Work instruction ▸ Once the pictures are set aside, repeat all of the data below exactly.

Dataset section ▸
= Beginning of Section =

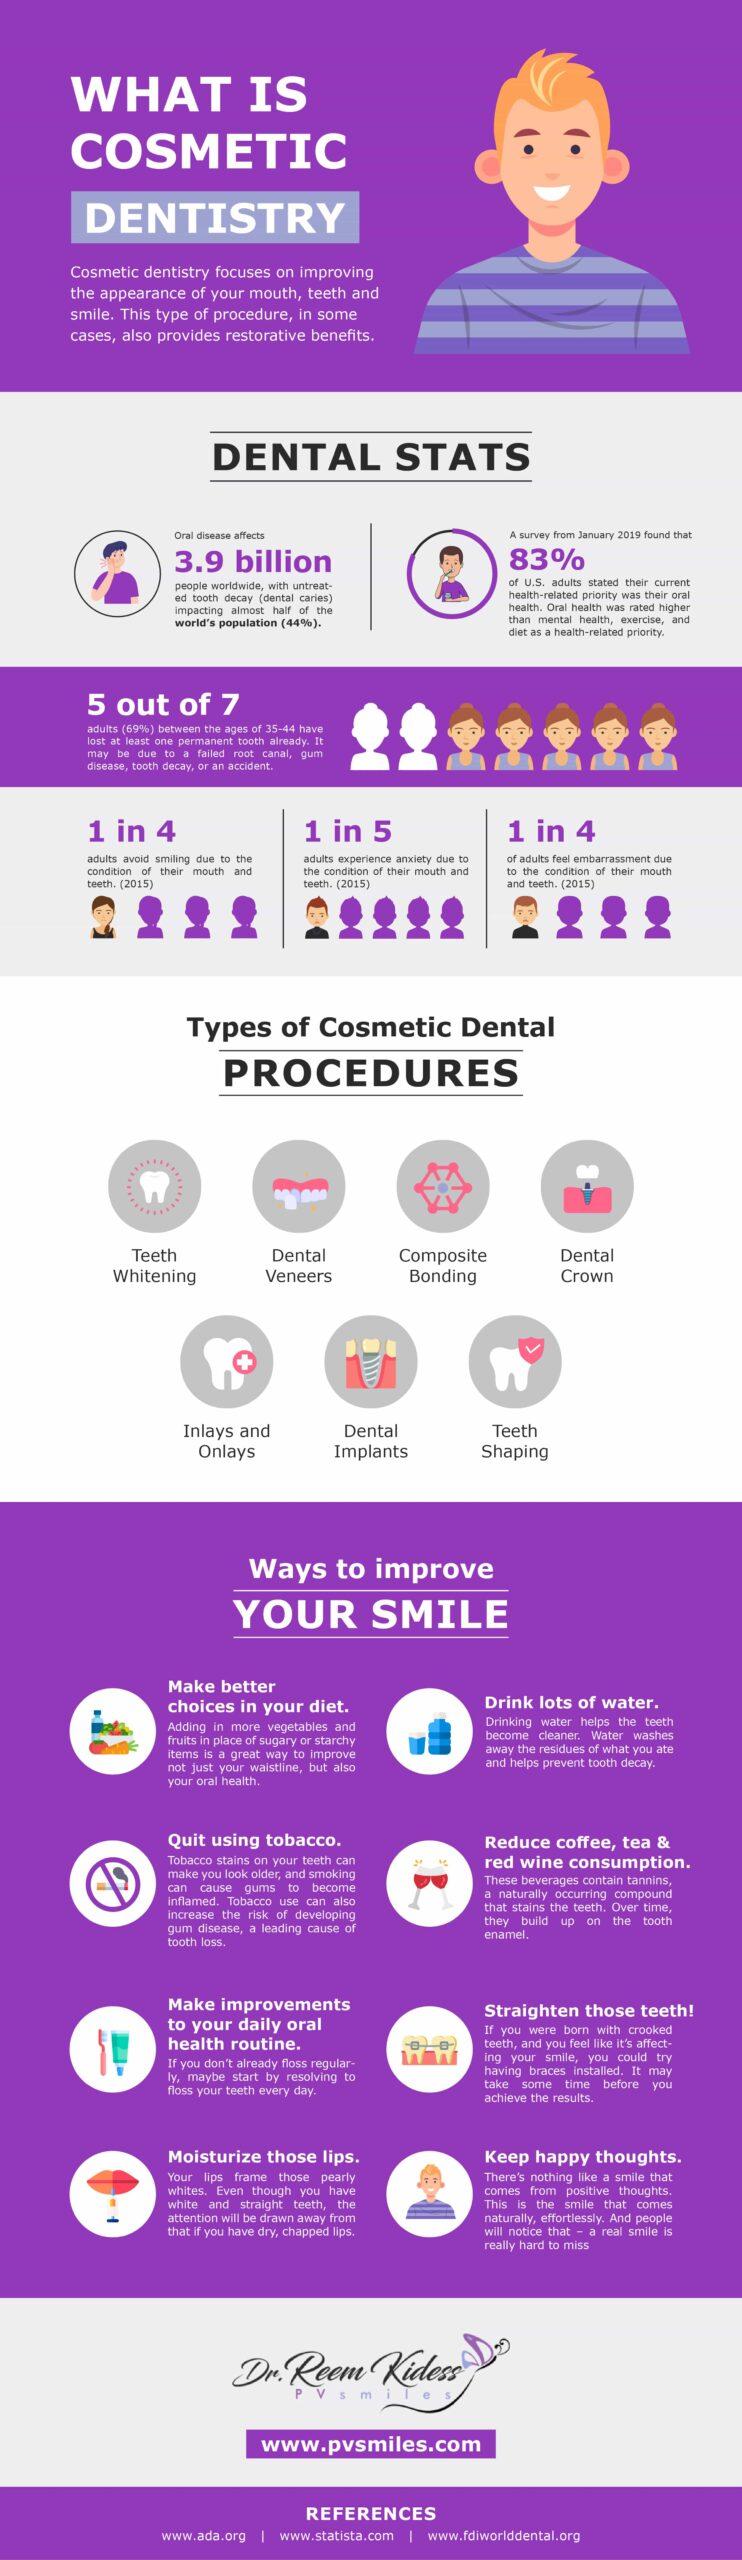 Scottsdale cosmetic dentist
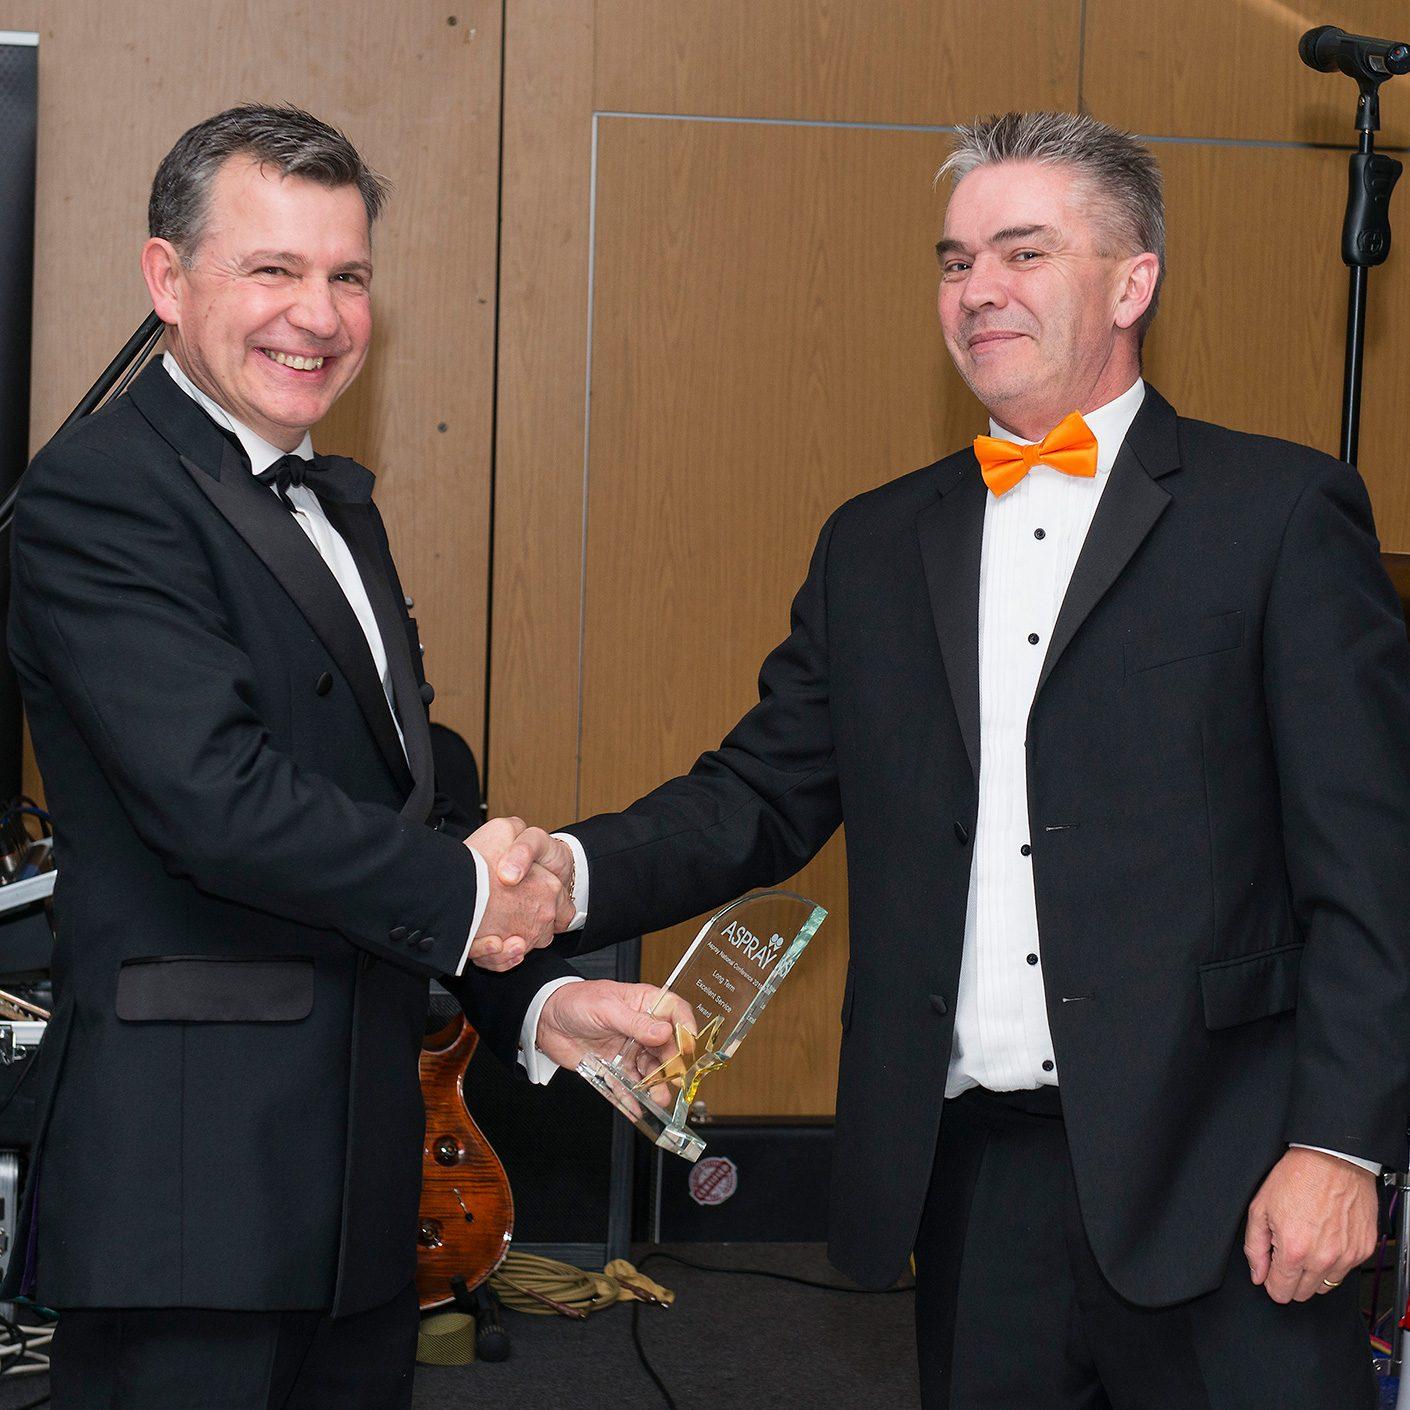 Clive Hawkesley, Award Winner
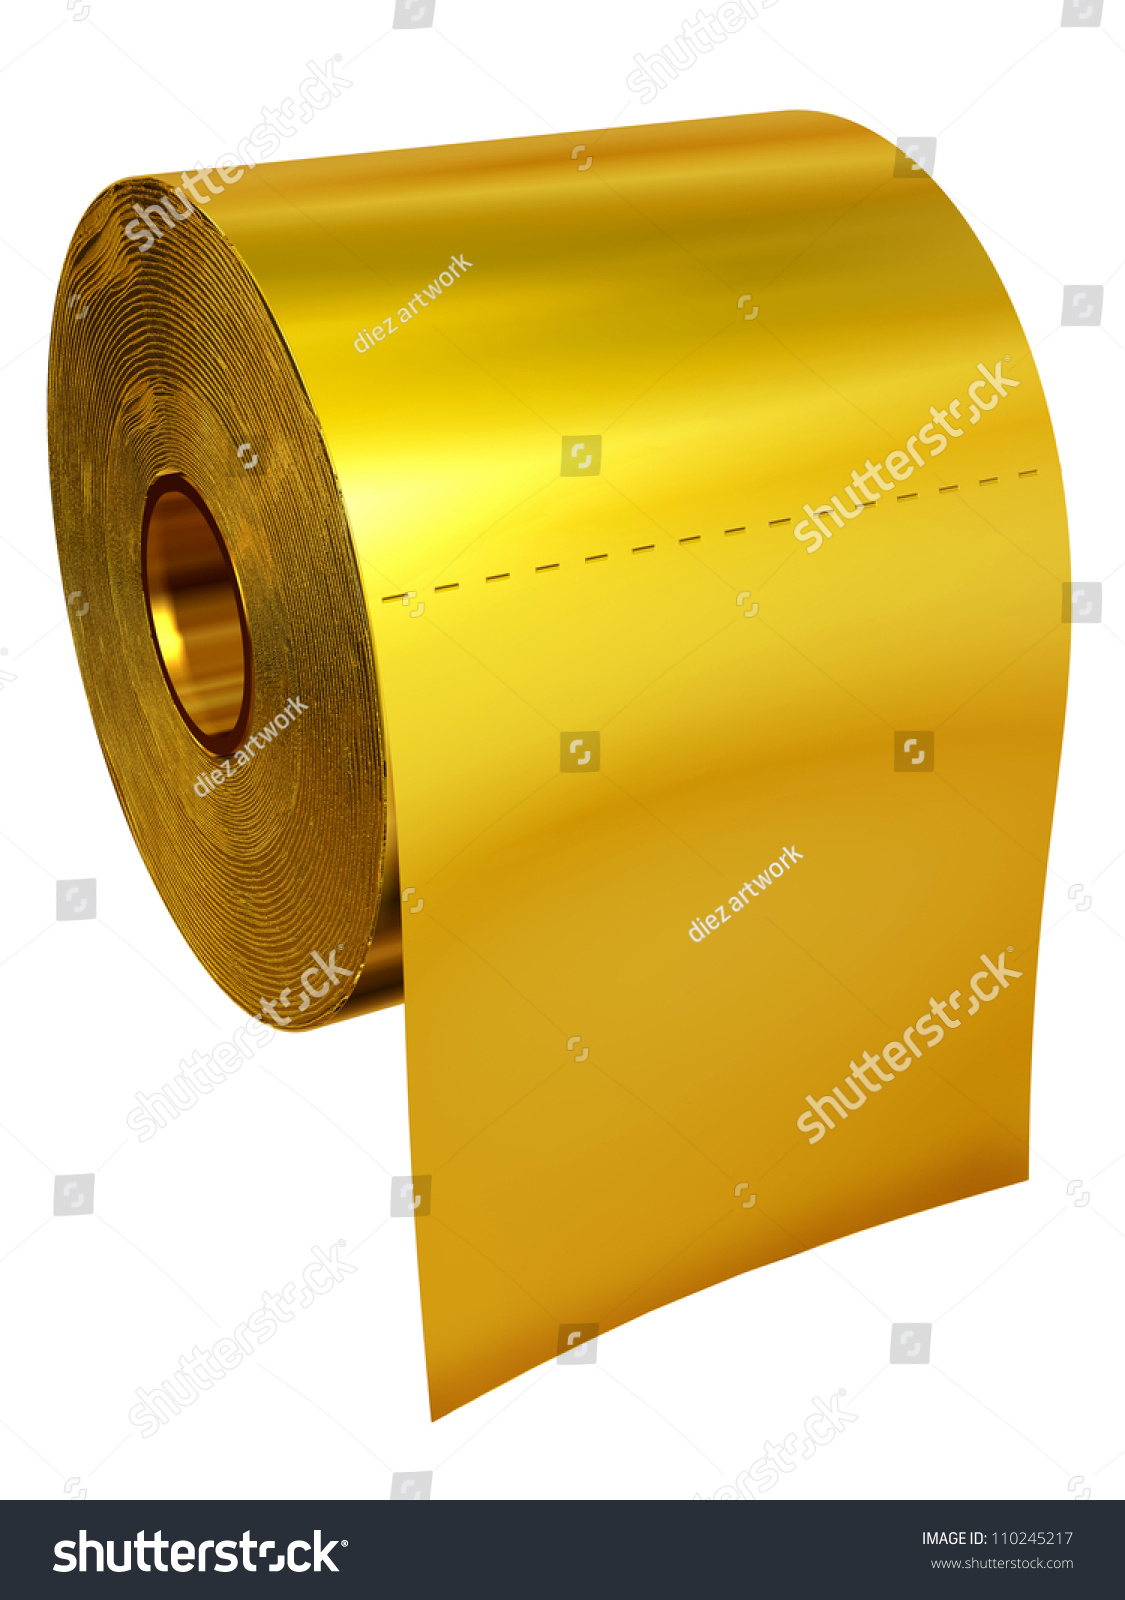 Roll of toilet tissue made of goldRoll Toilet Tissue Made Gold Stock  Illustration 110245217Toilet Made Of Gold  gold toilet hong kongNew York s Guggenheim  . Gold Flake Toilet Paper. Home Design Ideas

= End of Section =

Final answer ▸
 Scottsdale cosmetic dentist
 Clive Hawkesley, Award Winner
 Roll of toilet tissue made of goldRoll Toilet Tissue Made Gold Stock  Illustration 110245217Toilet Made Of Gold  gold toilet hong kongNew York s Guggenheim  . Gold Flake Toilet Paper. Home Design Ideas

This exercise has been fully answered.